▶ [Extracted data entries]
****************

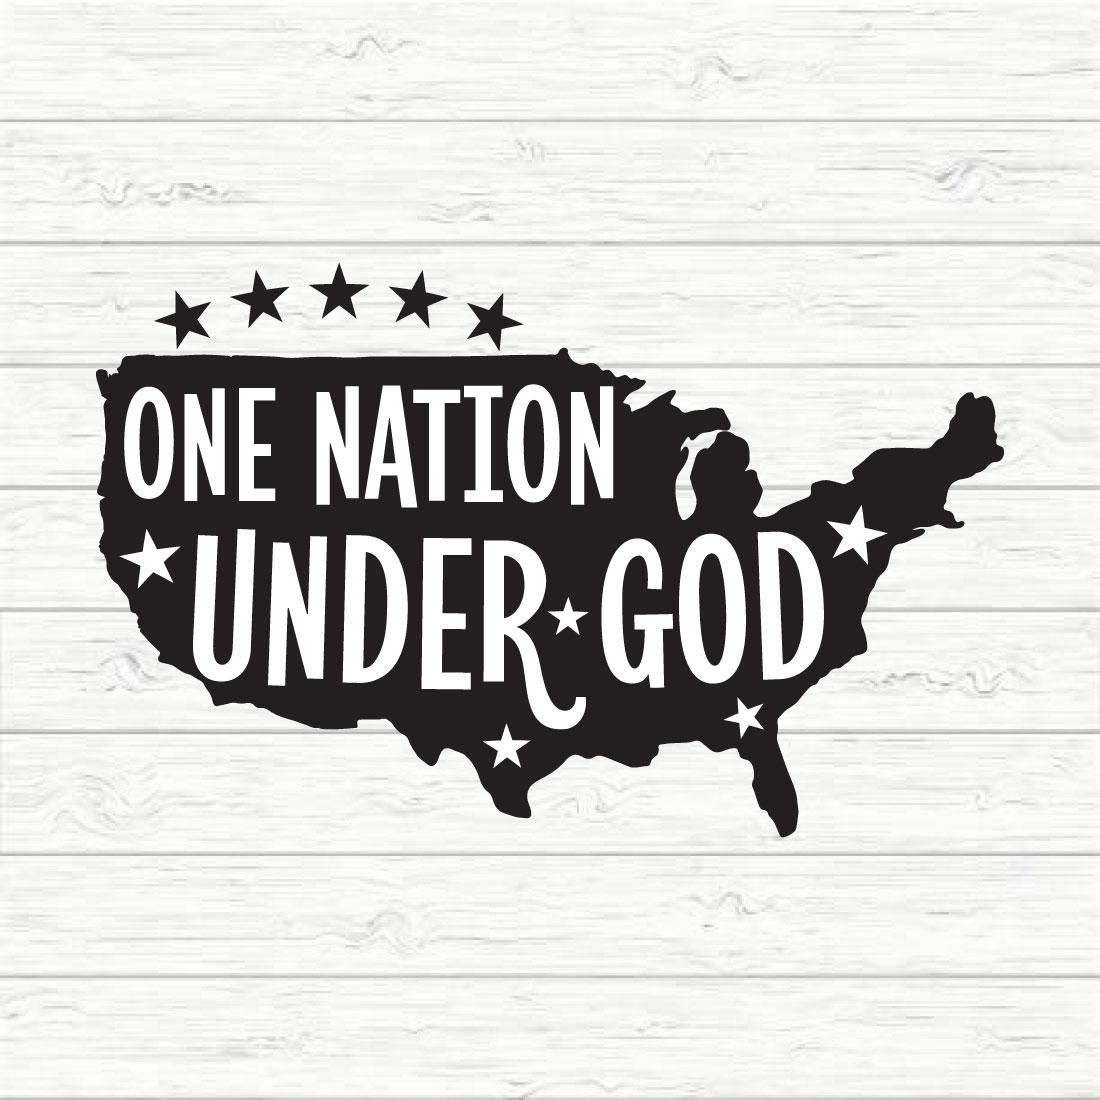 One Nation Under God preview image.
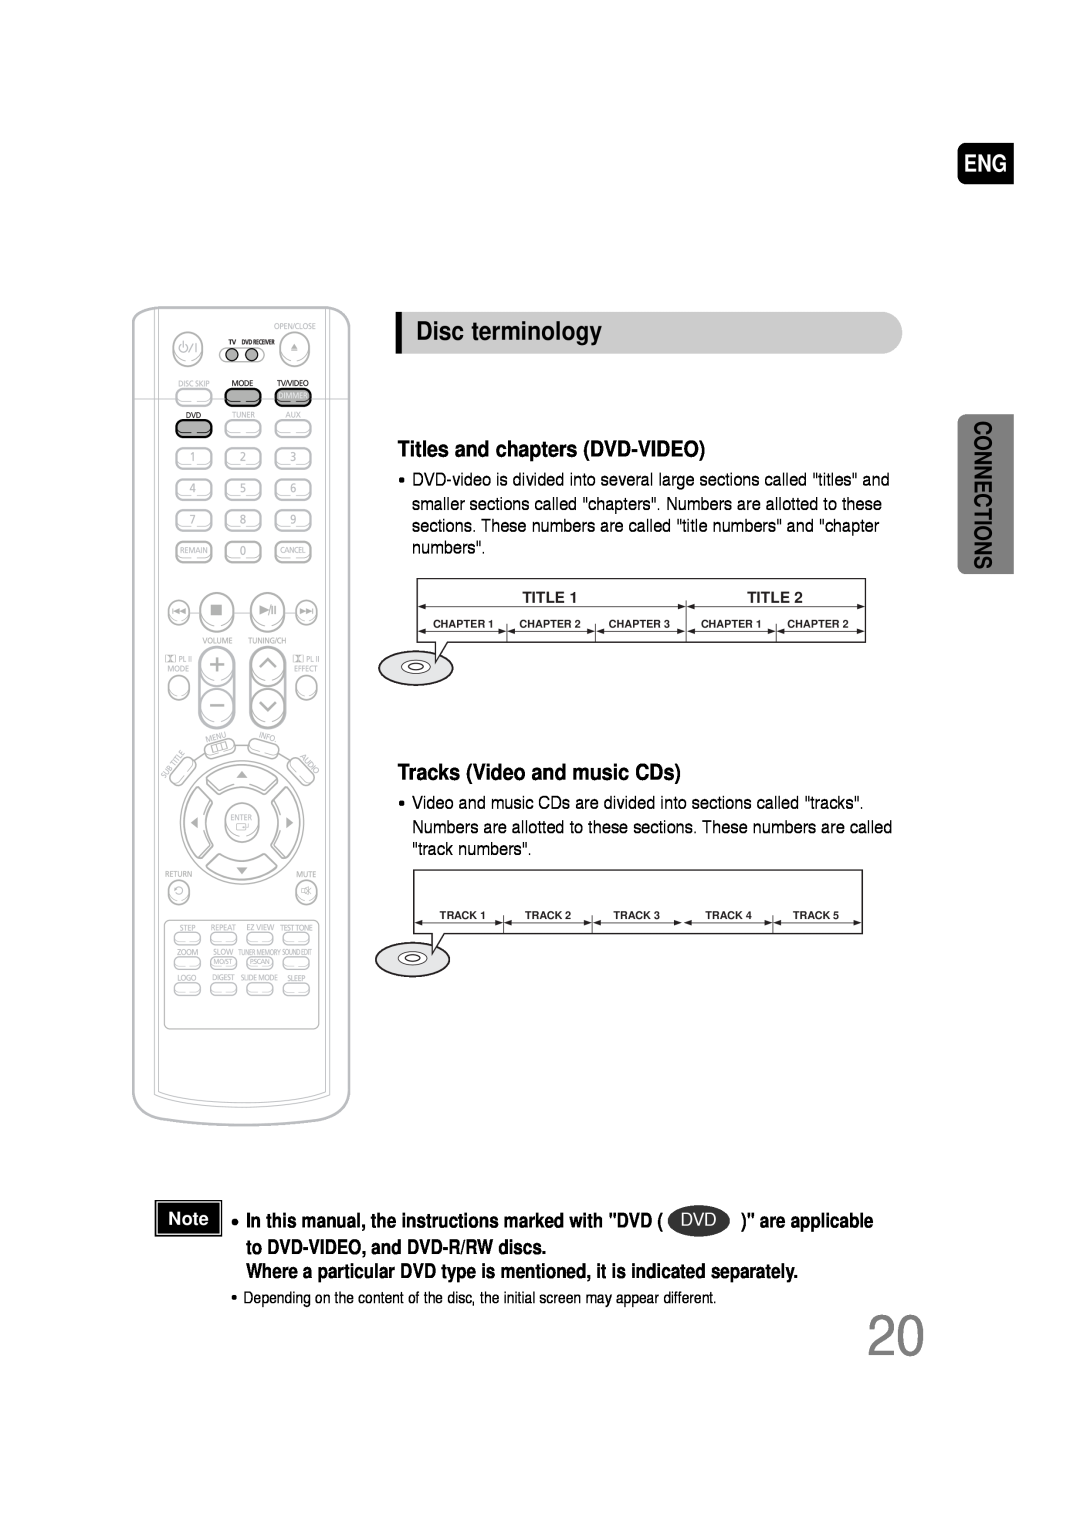 Samsung AH68-01701V manual Disc terminology, Titles and chapters DVD-VIDEO, Tracks Video and music CDs, Connections 
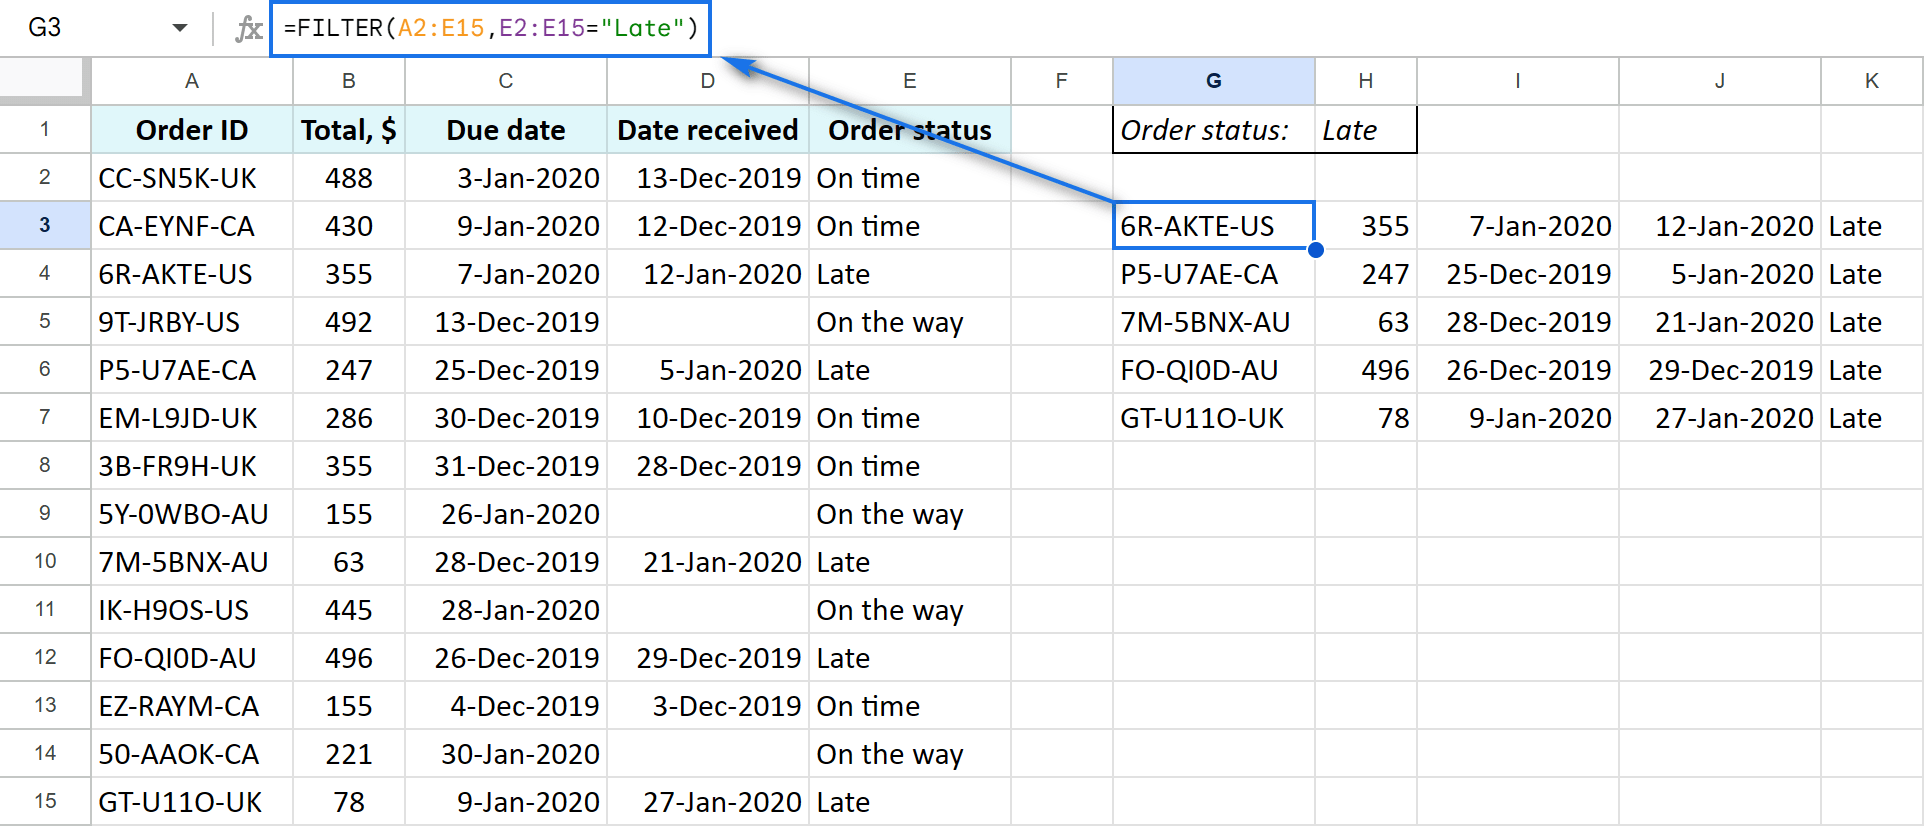 Filter Google Sheets by text.
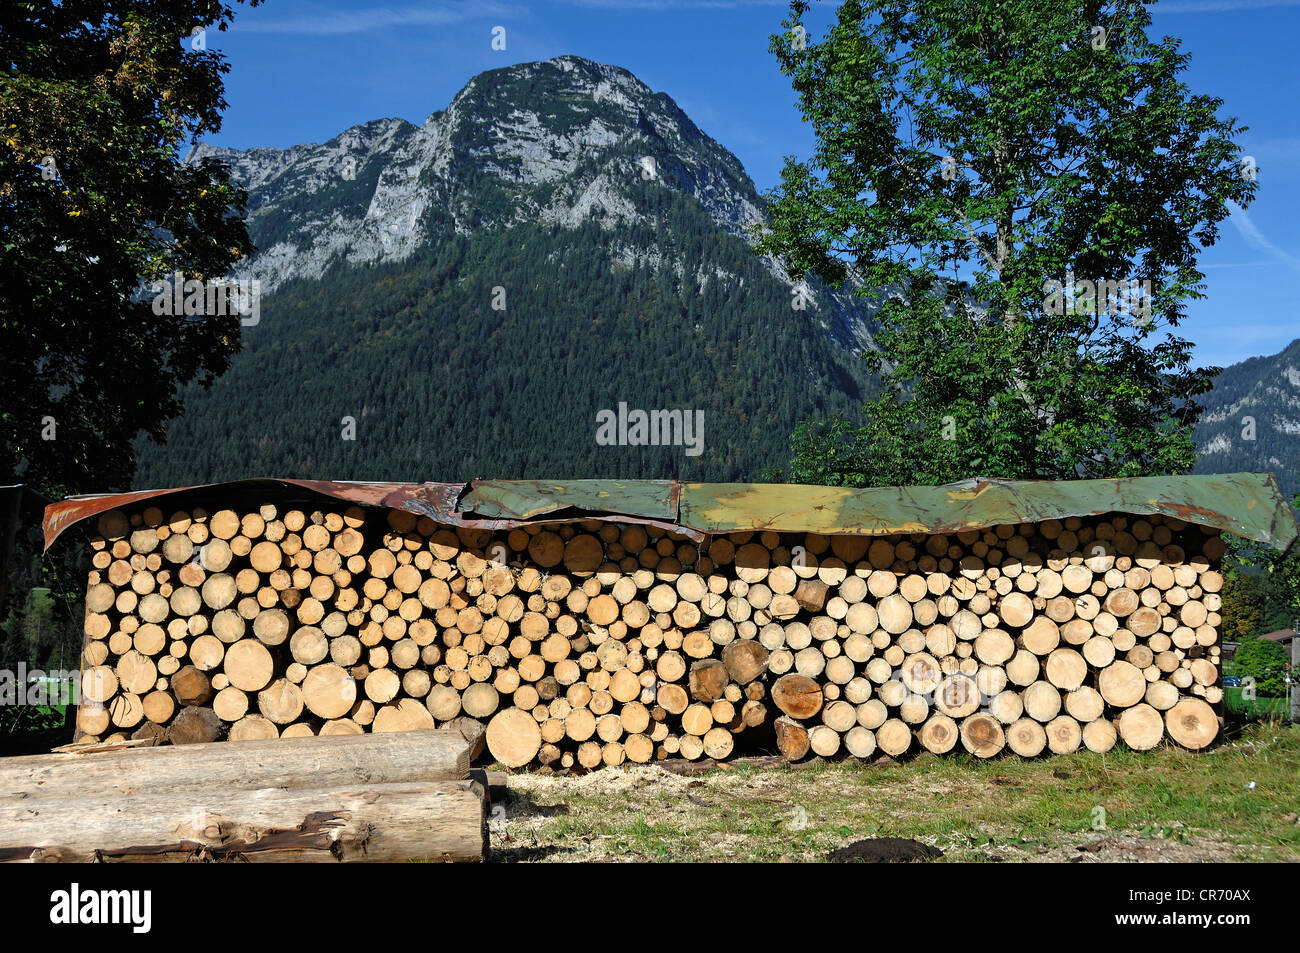 Sawn logs, 1 metre, covered and stacked, Mt Reiteralpe at back, Ramsau, Upper Bavaria, Bavaria, Germany, Europe Stock Photo
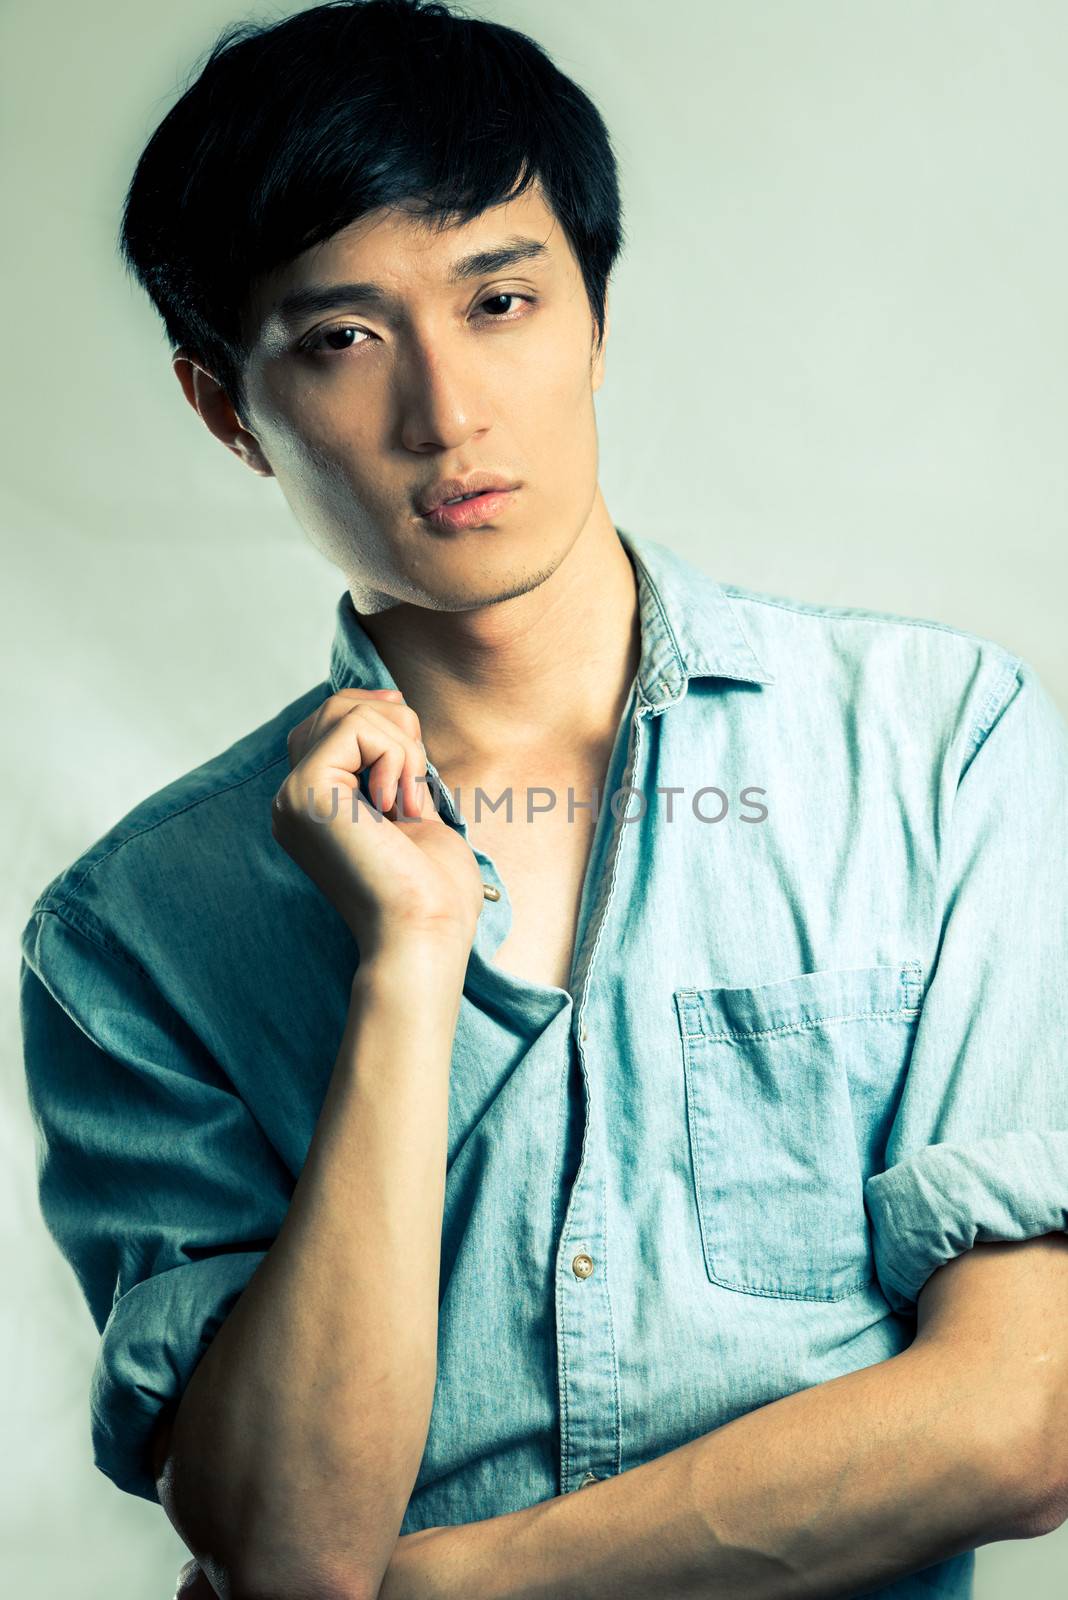 Studio fashion pose by a handsome young male model, with fashion tone and background

****************

▶ [Task directions]
Set the records down again exactly as given, and leave the pictures out.

▶ [Task output]
 One Nation Under God preview image.
 Samsung AH68-01701V manual Disc terminology, Titles and chapters DVD-VIDEO, Tracks Video and music CDs, Connections 
 Filter Google Sheets by text.
 Sawn logs, 1 metre, covered and stacked, Mt Reiteralpe at back, Ramsau, Upper Bavaria, Bavaria, Germany, Europe Stock Photo
 Studio fashion pose by a handsome young male model, with fashion tone and background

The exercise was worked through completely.